Какая Яуза? Я ничего не понимаю.

— Вставай, милой… ишь разоспался как! — узнаю я ласковый голос Горкина. — Щеки-те нажгло… Хуже так-то жарой сморит, в головку напекет. Вставай, к Мытищам уж подходим, донес Господь.



Во рту у меня все ссохлось, словно песок насыпан, и такая истома в теле — косточки все поют.

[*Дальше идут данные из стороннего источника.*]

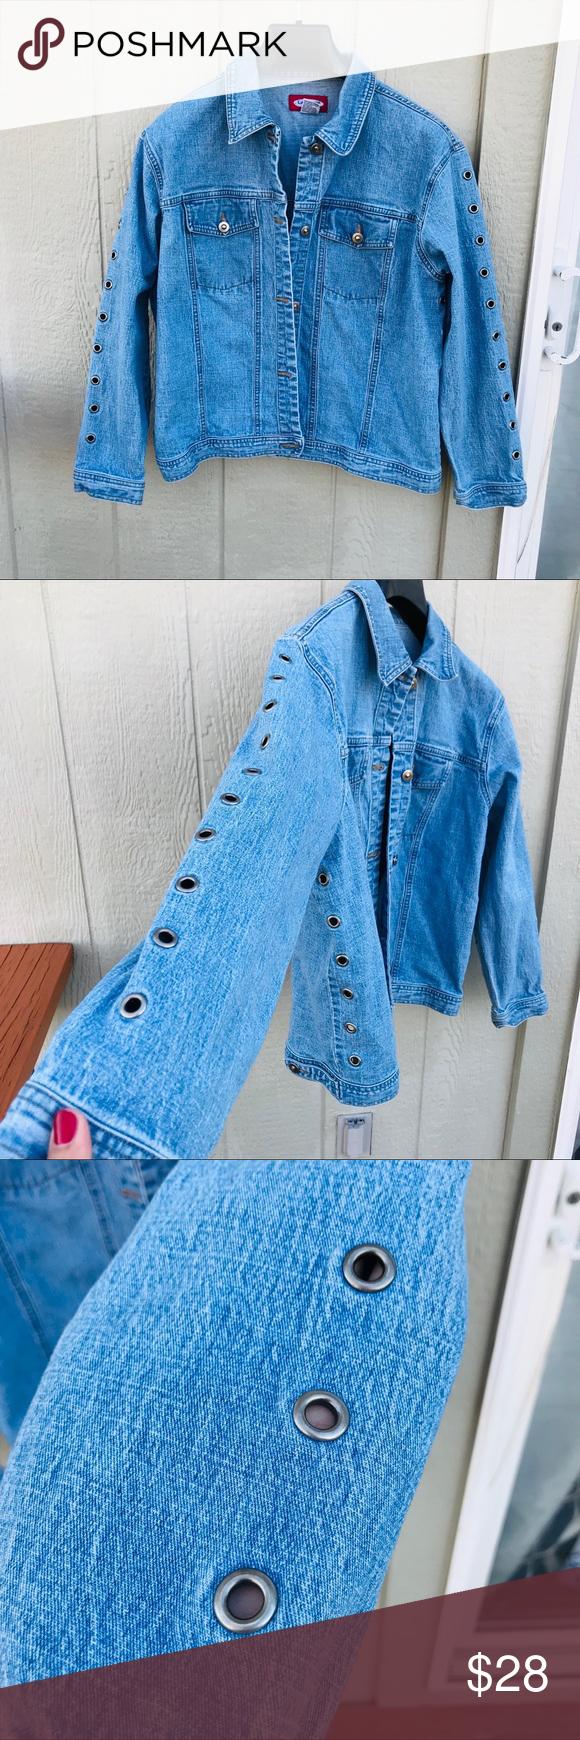 90s Vtg Denim Jean Jacket Studded Hole Accents Vintage Jean Jacket Vintage Jeans Denim Jean Jacket [ 1740 x 580 Pixel ]
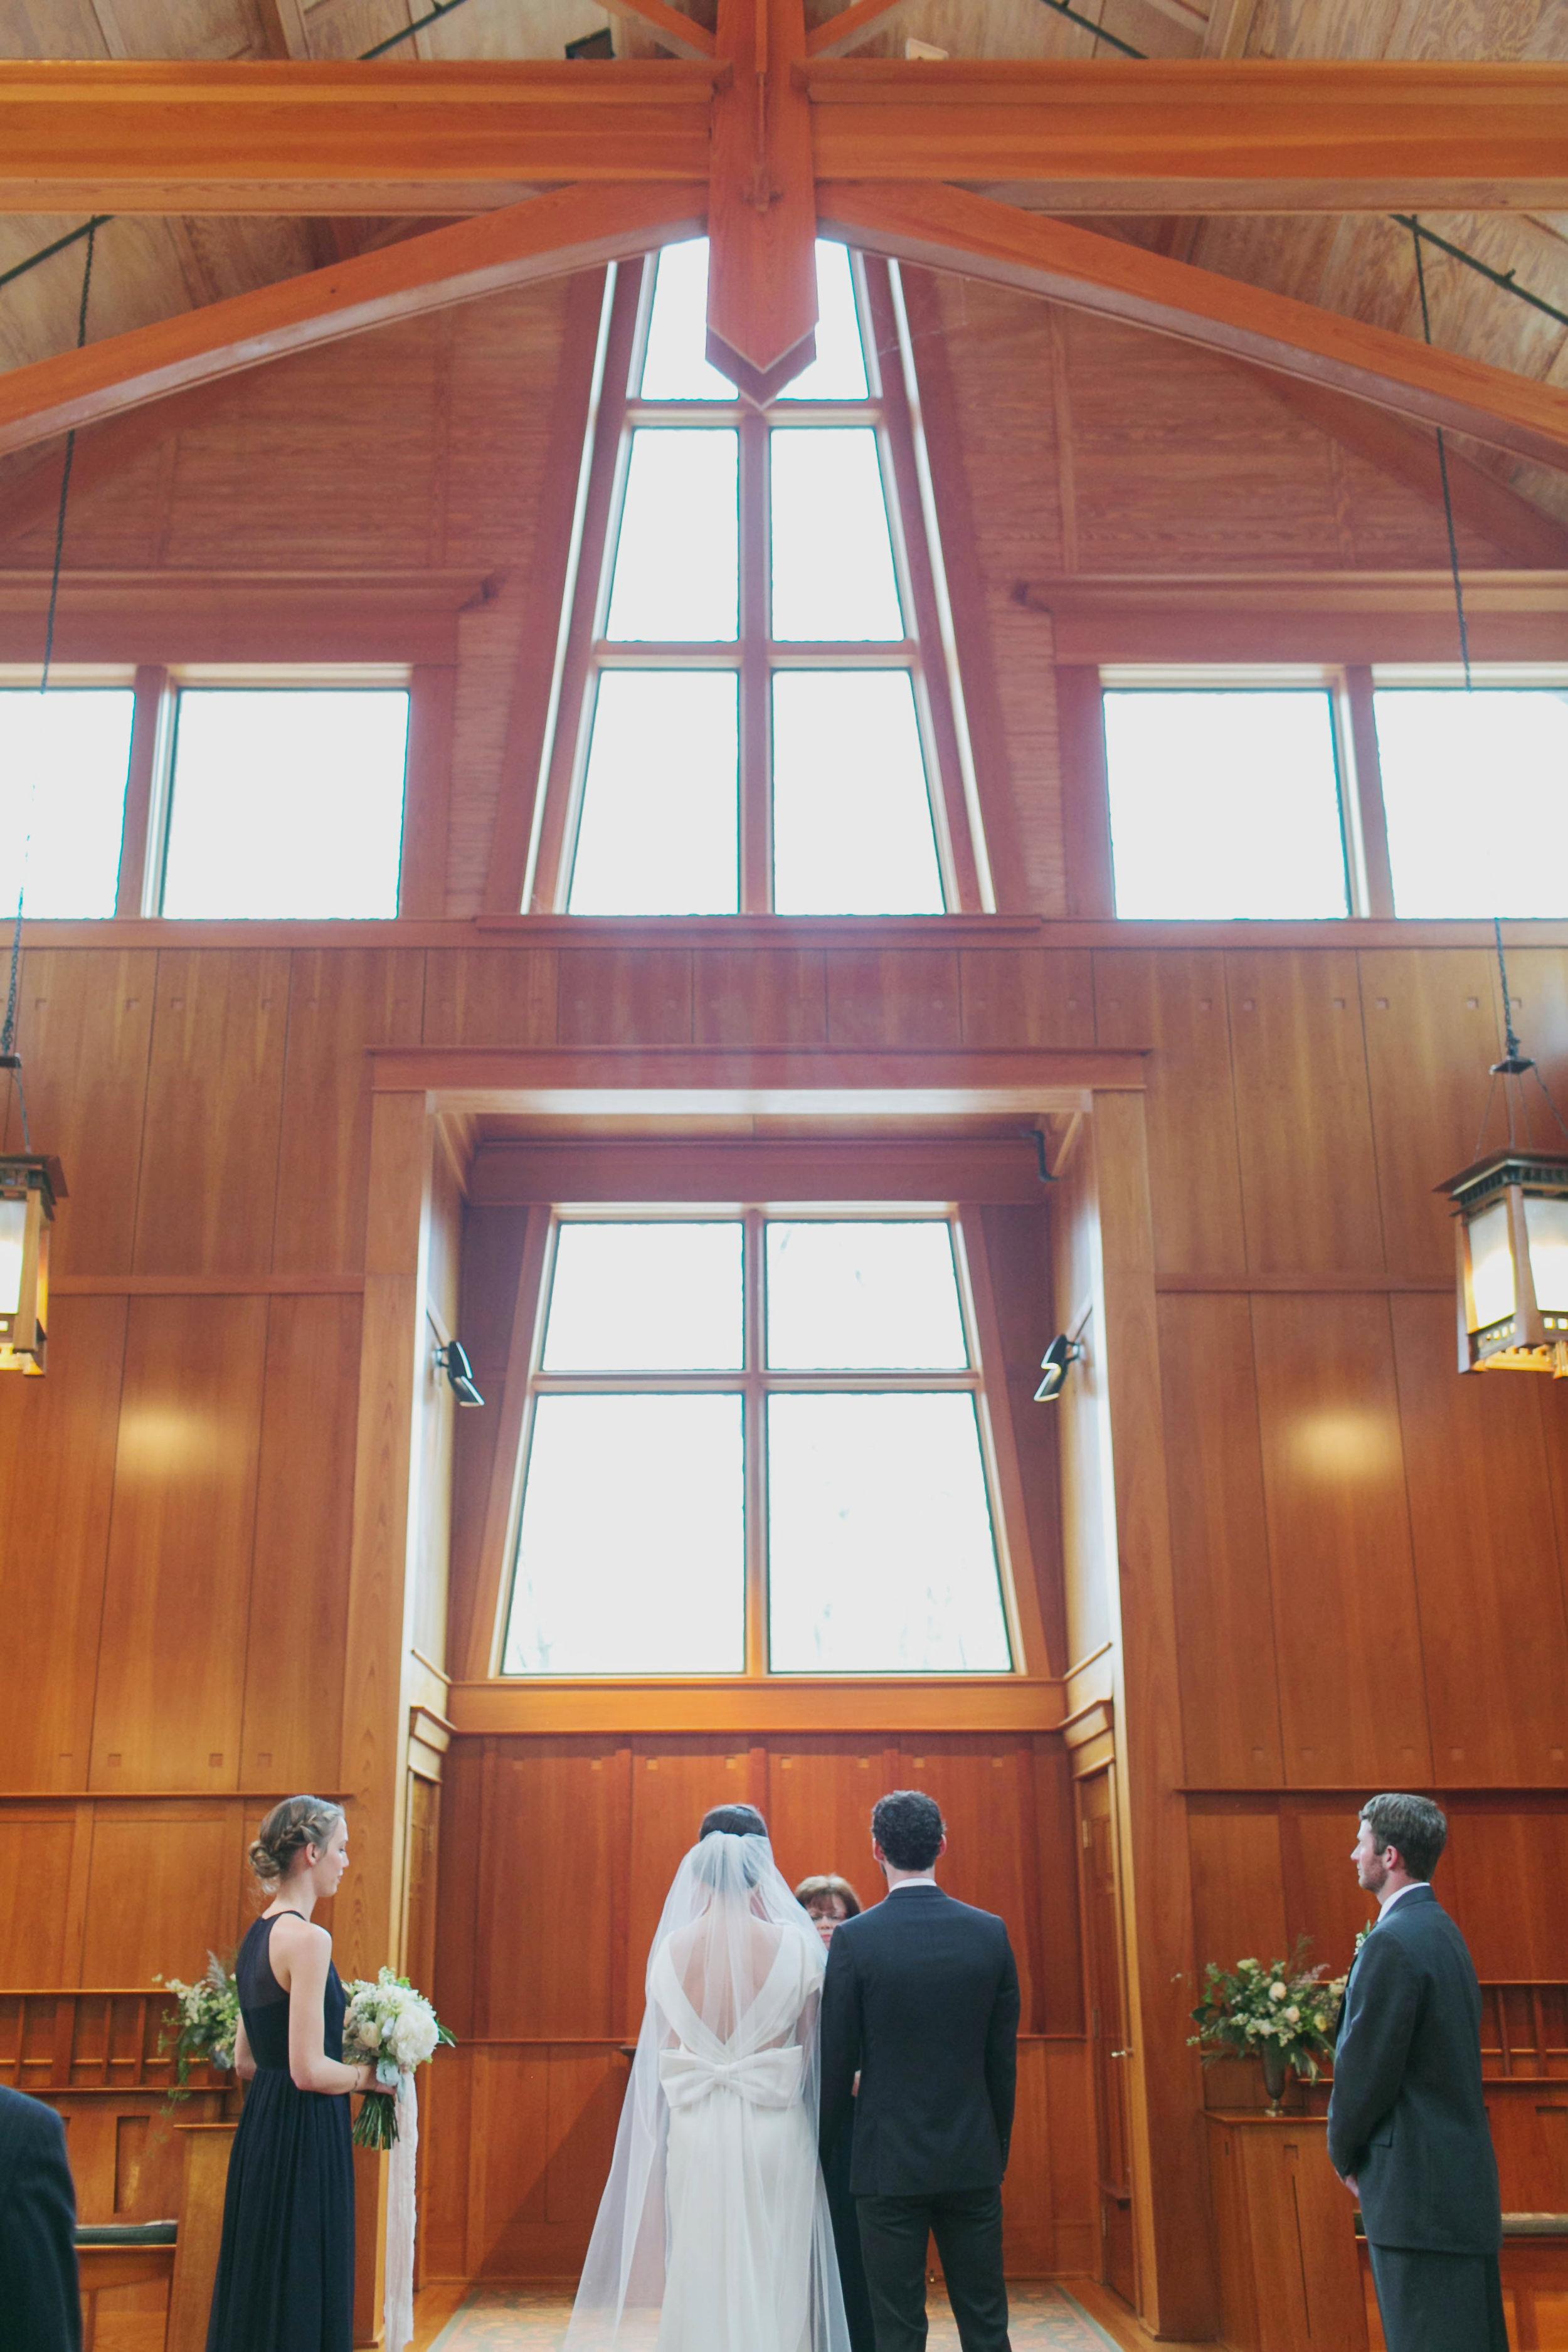 Simply-Charming-Socials_Atlanta-Wedding-Planner_Our-Labor-Of-Love_Emily-and-Jon_17.jpg

Мытищи?.. И вспоминаю радостное: вода из горы бежит! Узнаю голосок Анюты:

— Какой же это, бабушка, богомольщик… в тележке все!



И теперь начинаю понимать: мы идем к Преподобному, и сейчас лето, солнышко, всякие цветы, травки… а я в тележке. Вижу кучу травы у глаза, слышу вялый и теплый запах, как на Троицын день в церкви, — и ласкающий холодок освежает мое лицо: сыплются на меня травинки, и через них все — зеленое. Так хорошо, что я притворяюсь спящим и вижу, жмурясь, как Горкин посыпает меня травой и смеется его бородка.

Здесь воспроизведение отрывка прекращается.